Introduction to AutoKernel
AutoKernel is a revolutionary tool that leverages autonomous AI agents to optimize GPU kernels for any given PyTorch model. Inspired by the concept of autoresearch, AutoKernel applies the same philosophy to GPU kernel optimization, allowing users to simply provide a PyTorch model and let the agent work its magic.
How AutoKernel Works
AutoKernel operates by first profiling the provided PyTorch model to identify bottleneck kernels. It then extracts these kernels as standalone Triton or CUDA C++ files and optimizes them autonomously through an edit-benchmark-keep/revert loop. This process ensures that each kernel is optimized to its fullest potential without compromising the overall model’s correctness.
Key Components of AutoKernel
- Profile.py: Profiles any PyTorch model and ranks kernels by GPU time.
- Extract.py: Extracts top-N bottleneck kernels into standalone Triton or CUDA C++ kernel files.
- Orchestrate.py: Decides which kernel to optimize next using Amdahl’s law and tracks aggregate progress.
- Bench.py: A fixed benchmark that checks correctness and performance.
- Verify.py: Plugs optimized kernels back into the model and checks end-to-end correctness, reporting total speedup.
Supported Kernels and Example Models
AutoKernel supports 9 kernel types covering core deep learning operations and comes with self-contained model definitions for GPT-2, LLaMA, and BERT. Users can easily integrate their custom models and optimize them using AutoKernel.
Kernel Types
- Matmul: Dense matrix multiplication.
- Softmax: Row-parallel numerically stable softmax.
- LayerNorm: Layer normalization with affine transform.

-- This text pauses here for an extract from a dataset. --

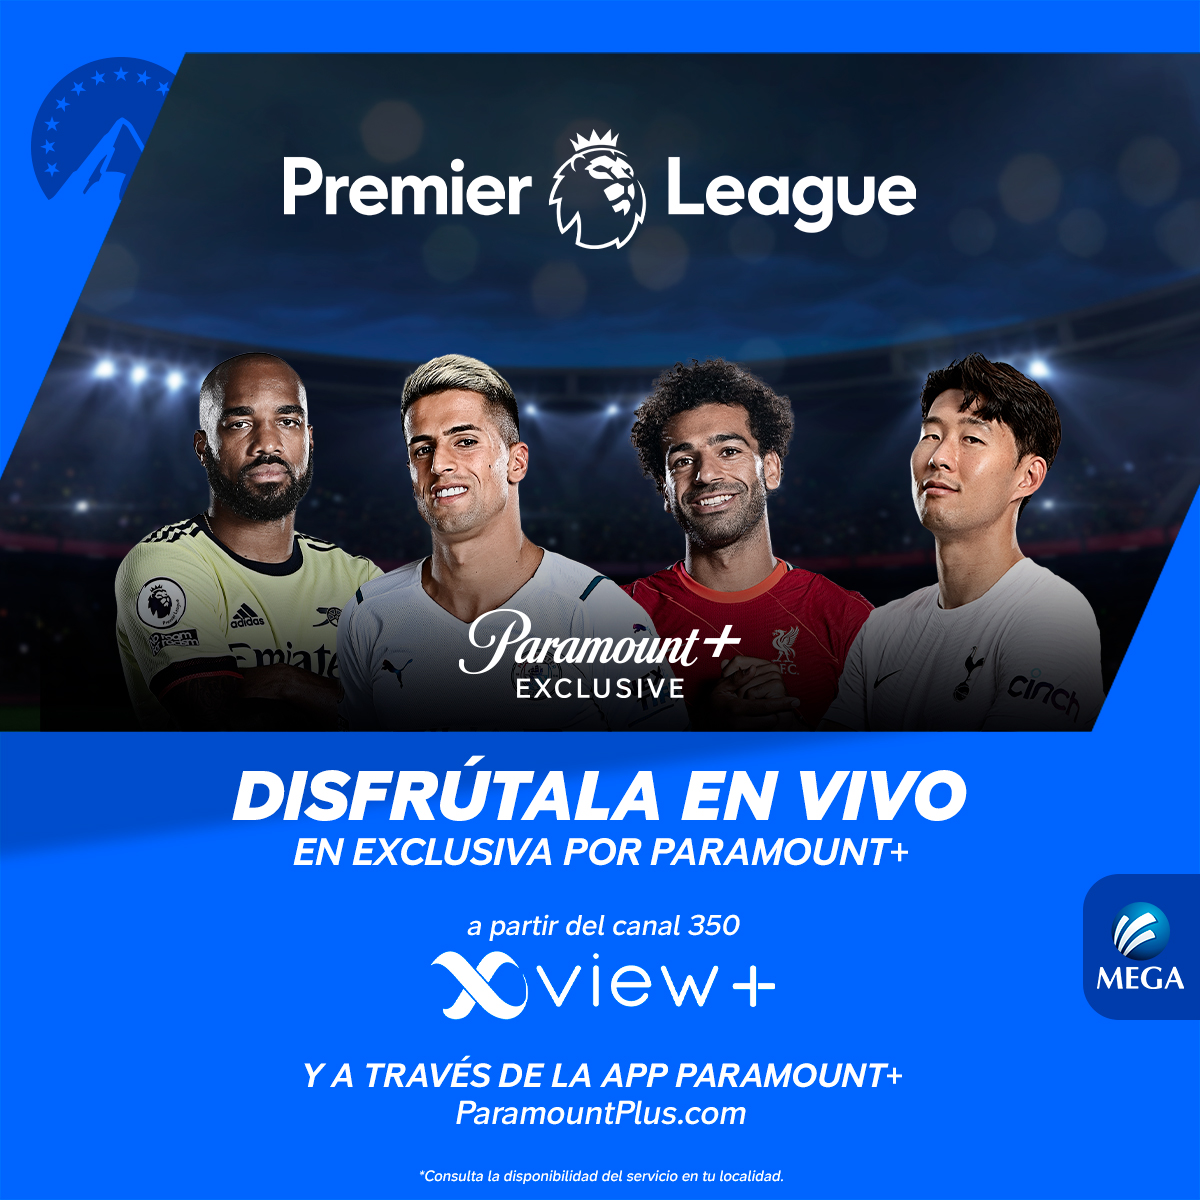 ¡Todos los partidos de #LaPremierEnParamount ⚽ en vivo 📺 en HD 😱 con Xview+! 🔥😎 Tenemos para ti 10 canales con todo el contenido de la Liga Premier con #Mega 🏆😉 a partir del canal 350 / 1350 HD 📺😱

- RMSNorm: RMS normalization (LLaMA-style).
- Flash Attention: Scaled dot-product attention with causal masking.
- Fused MLP: SwiGLU-style fused MLP.
- Cross Entropy: Fused cross entropy loss.
- Rotary Embedding: Rotary position embeddings (RoPE).

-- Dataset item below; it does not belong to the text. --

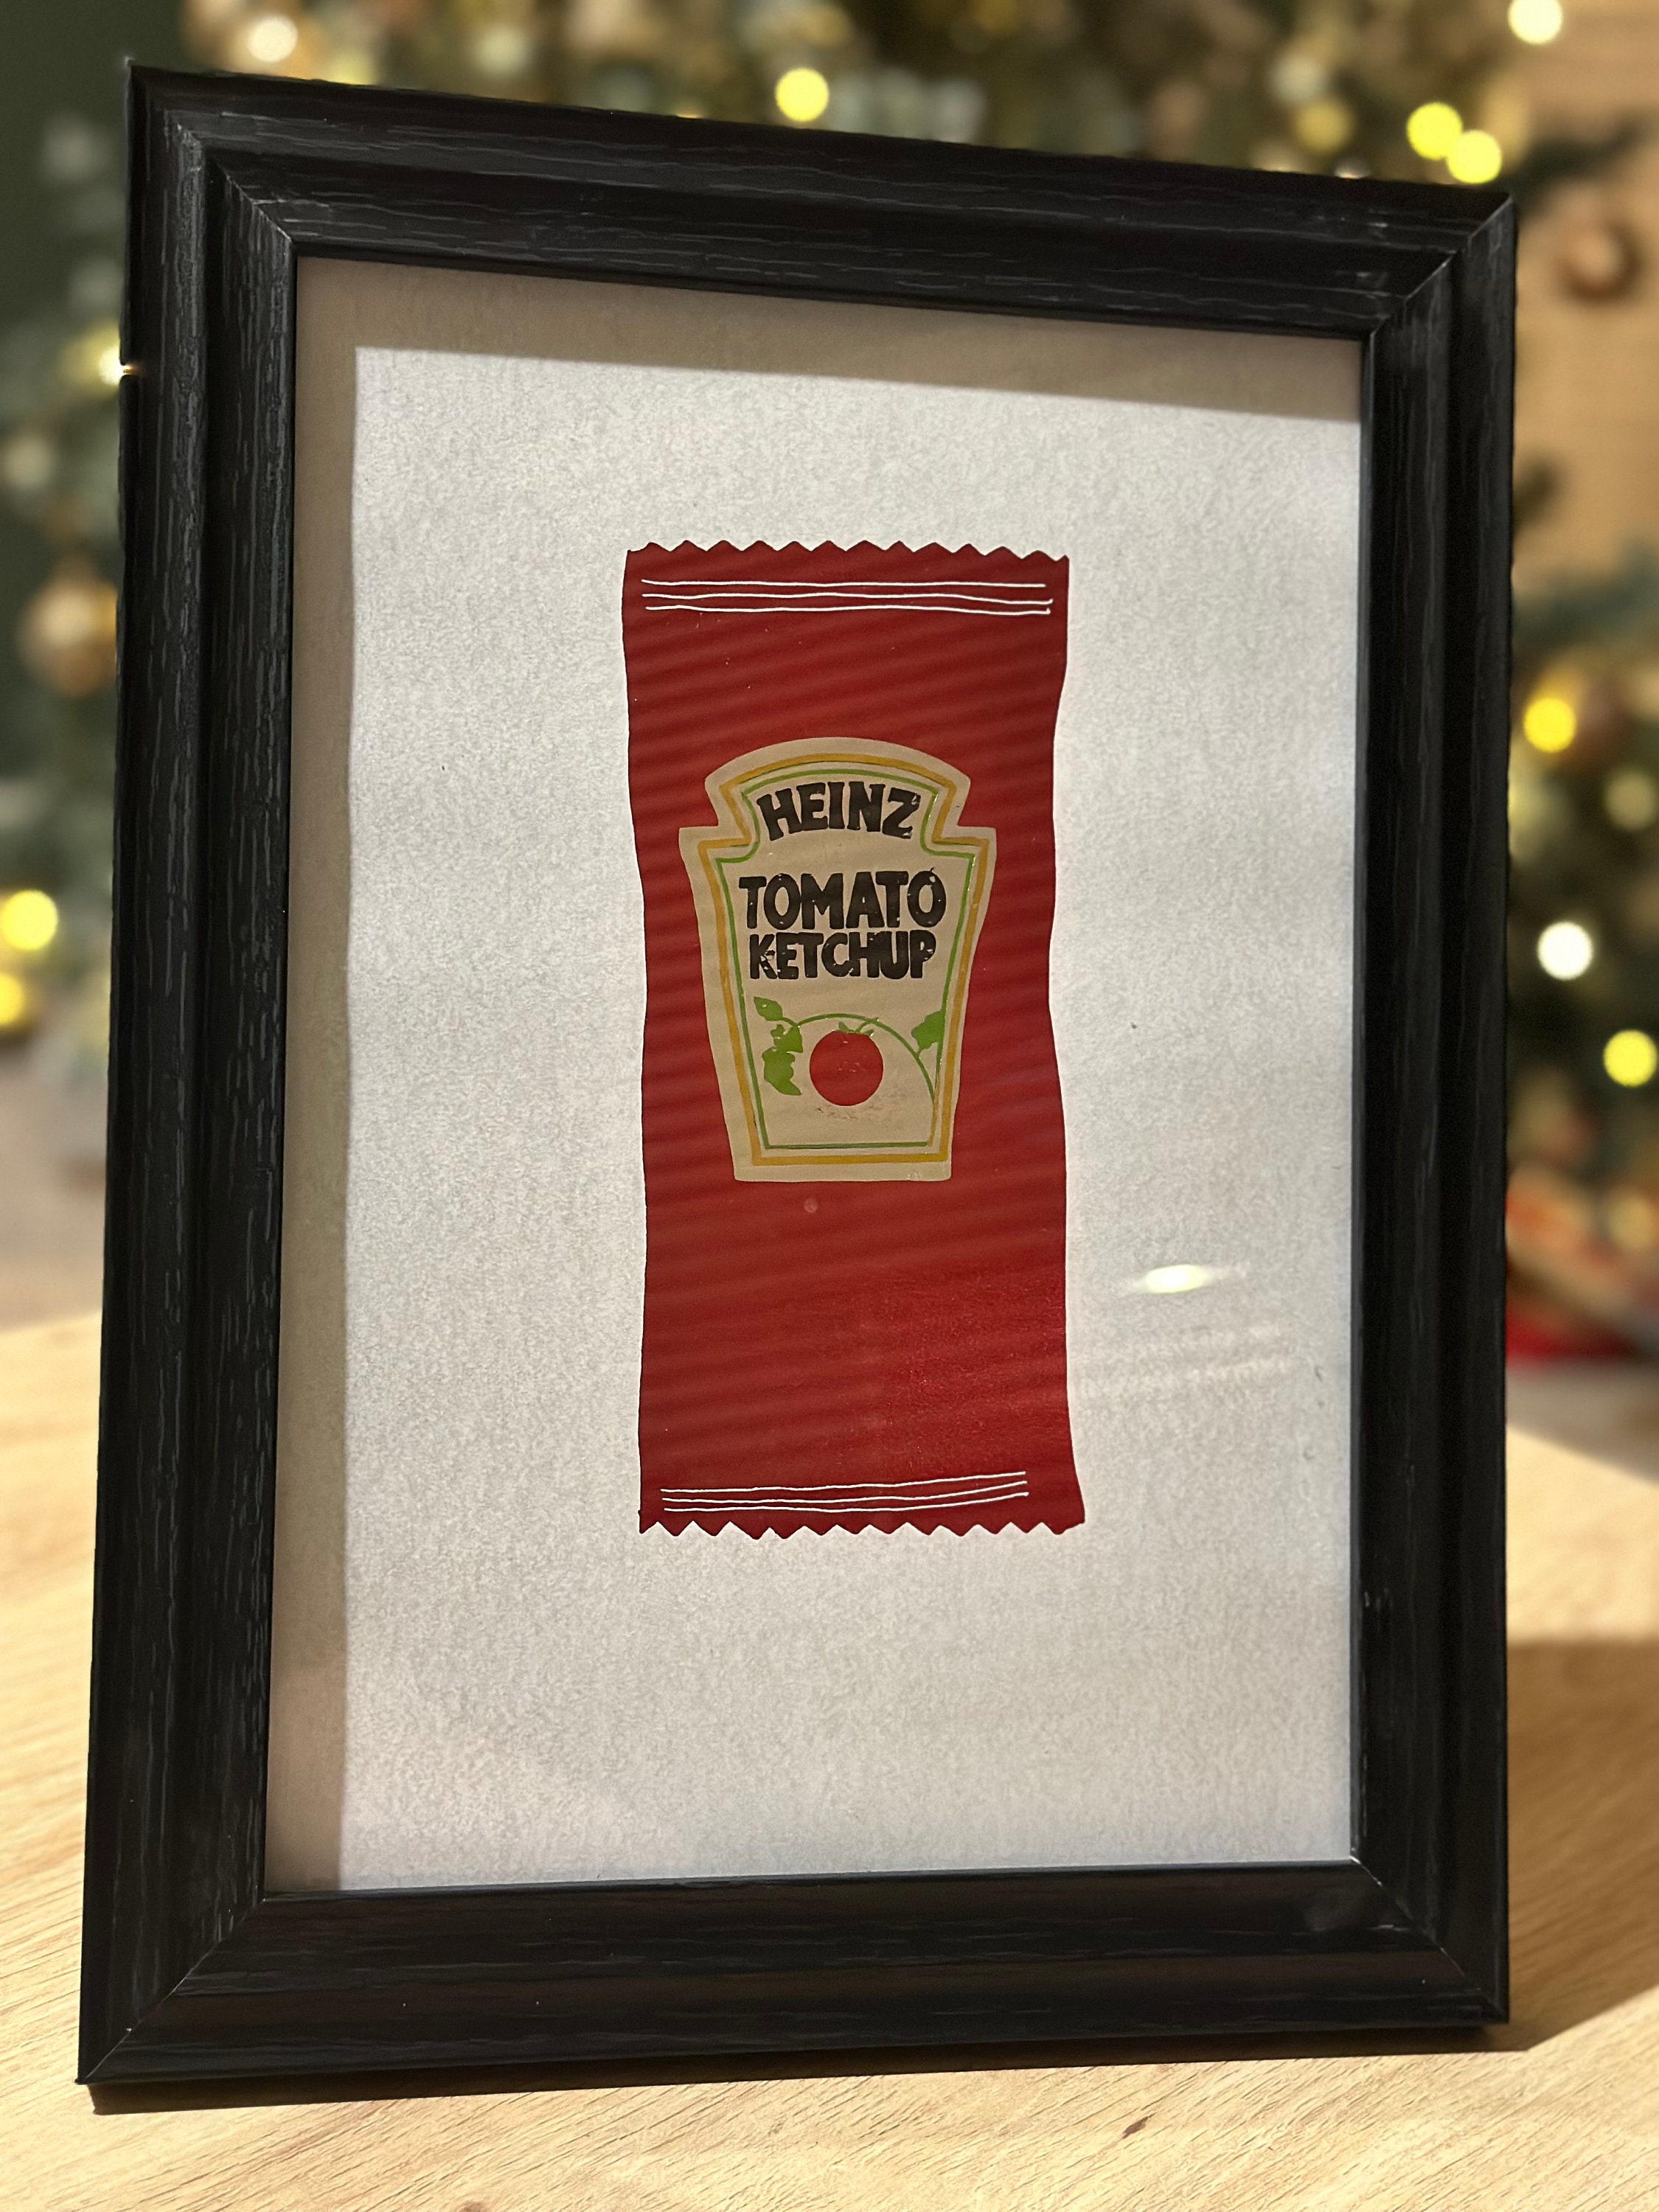 Faux ketchup renversé paquets de moutarde renversés Joke Gag

- Reduce: Parallel reduction (sum).
Getting Started with AutoKernel
To start using AutoKernel, users need to install the required dependencies, clone the AutoKernel repository, and set up their environment. The quick start guide provides step-by-step instructions on how to profile a model, extract bottleneck kernels, and verify the benchmark.
KernelBench Integration
AutoKernel integrates seamlessly with KernelBench, allowing users to evaluate and optimize kernels using the standard benchmark for AI-generated GPU kernels. This integration enables systematic exploration of the optimization space instead of relying on one-shot LLM generation.
Conclusion and Call to Action
AutoKernel is a powerful tool that simplifies the process of optimizing GPU kernels for deep learning models. By leveraging autonomous AI agents, users can achieve significant speedups without requiring extensive expertise in kernel optimization. To get started with AutoKernel, follow the quick start guide and explore the project’s documentation for more information.
Frequently Asked Questions
- What is AutoKernel, and how does it work?
- How do I get started with AutoKernel?
- What types of kernels does AutoKernel support?
- Can I use AutoKernel with my custom model?
- How does AutoKernel integrate with KernelBench?